To adapt the frozen V-JEPA 2 encoder for robotic control, the authors retrain the predictor to learn how actions modify the visual world. This predictor takes in a temporally interleaved sequence of (action, state, frame embedding) tuples, where frame embeddings are extracted via the frozen encoder, and the state/action information comes from robot proprioception. The model is trained to predict the embedding of the next frame from the current (action, state, frame), and minimizes an \(\ell_1\) loss between the predicted and ground-truth embeddings.

In other words:

  • They freeze the encoder (trained on 1M hours of video).
  • Then, they post-train the predictor on 62 hours of robot interaction data (from the DROID dataset), where each frame is paired with the robot's joint velocities and states.
  • The updated predictor now takes as input:
    • an encoded state,
    • and a candidate action,
    • and predicts the embedding of the next frame.

vjepa
Image from V-JEPA 2 paper [4].

In addition to predicting the next step, the predictor is trained with a rollout loss to simulate short multi-step futures, mimicking planning scenarios. Starting from an initial state and frame embedding, the predictor autoregressively simulates two steps ahead using a sampled sequence of actions. The predicted final embedding is compared to the ground truth embedding at \(T+1\), again using an \(\ell_1\) loss. This dual objective — teacher forcing + rollout loss — ensures the model not only predicts accurately step-by-step, but also remains stable and consistent over multiple planning steps.
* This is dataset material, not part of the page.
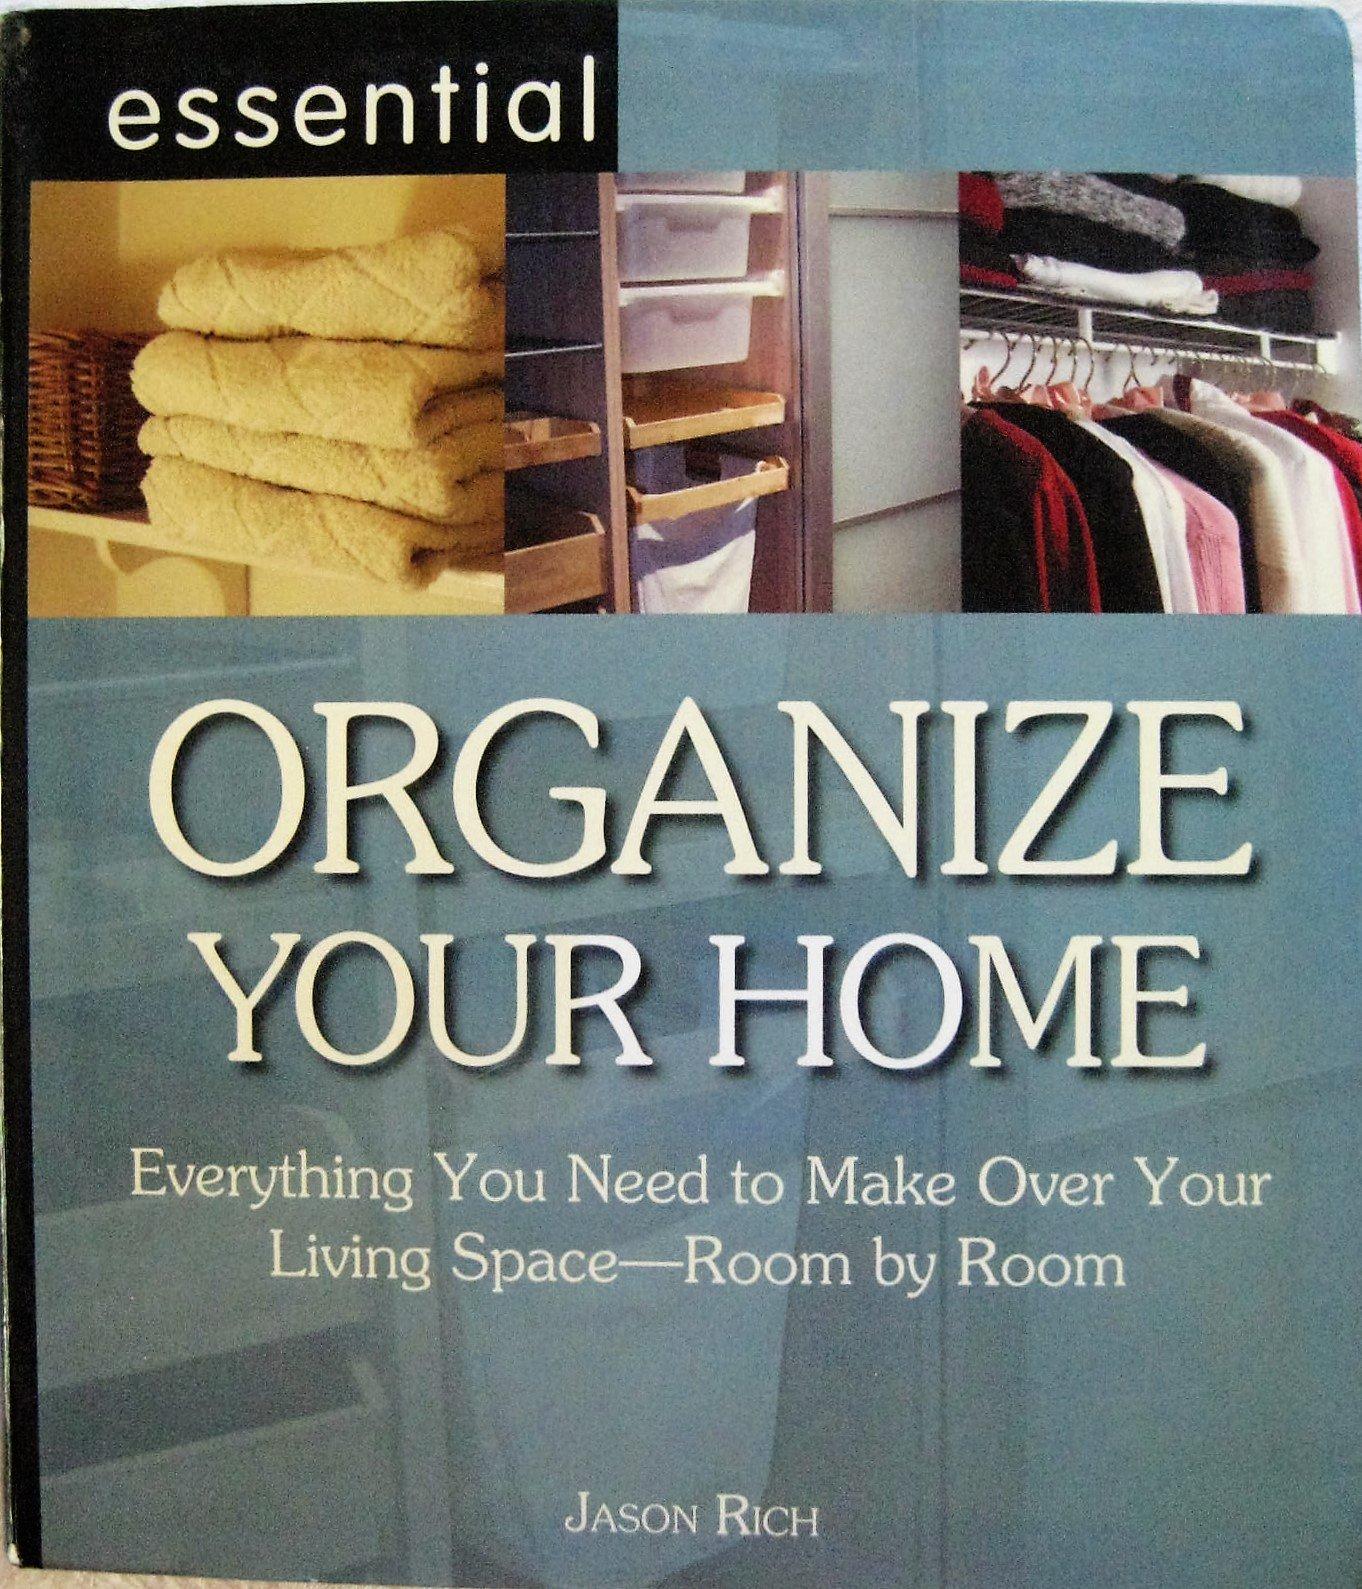 Essential: Organize Your Home pdf

What makes this application stand out

You end up with a zero-shot robotic planning system capable of solving pick-and-place tasks from image goals — without requiring dense rewards, task-specific demonstrations, or hand-labeled annotations.

The only requirements are:

  • a pretrained V-JEPA 2 encoder (frozen),
  • a small dataset of robot interactions (videos + action labels),
  • and some clever inference using CEM.

That’s SSL with real-world impact, and I find that pretty exciting.

Limitations

This SSL approach doesn't generalize to all robotic arms (yet?). It still requires to collect videos and robot positions for the particular robot you want to control.

This is cheaper than building a fully annotated dataset, but that remains a big limitation.


Concluding remarks

JEPA is an interesting approach that brings a bit of fresh air in the brute-force Transformer/Next-Token-Prediction wave. On my side, I am especially curious to see how the JEPA architectures will evolve over time to embrace the whole position paper of Yann Lecun. In fact, the current architectures only address understanding and planning. What about the configurator? ... (once again, I warmly recommend to read the deep dives quoted above).

I hope you enjoyed reading this technical deep dive. If so, feel free to share it and connect 😊

References


  1. JEPA Paper: A Path Towards Autonomous Machine Intelligence. Version 0.9.2, 2022-06-27 

  2. I-JEPA Paper: Assran, M., Duval, Q., Misra, I., Bojanowski, P., Vincent, P., Rabbat, M., ... & Ballas, N. (2023). Self-supervised learning from images with a joint-embedding predictive architecture. In Proceedings of the IEEE/CVF Conference on Computer Vision and Pattern Recognition (pp. 15619-15629). 

  3. V-JEPA Paper: Bardes, A., Garrido, Q., Ponce, J., Chen, X., Rabbat, M., LeCun, Y., ... & Ballas, N. (2024). Revisiting feature prediction for learning visual representations from video. arXiv preprint arXiv:2404.08471. 

  4. V-JEPA 2 Paper: Assran, M., Bardes, A., Fan, D., Garrido, Q., Howes, R., Muckley, M., ... & Ballas, N. (2025). V-JEPA 2: Self-Supervised Video Models Enable Understanding, Prediction and Planning. arXiv preprint arXiv:2506.09985.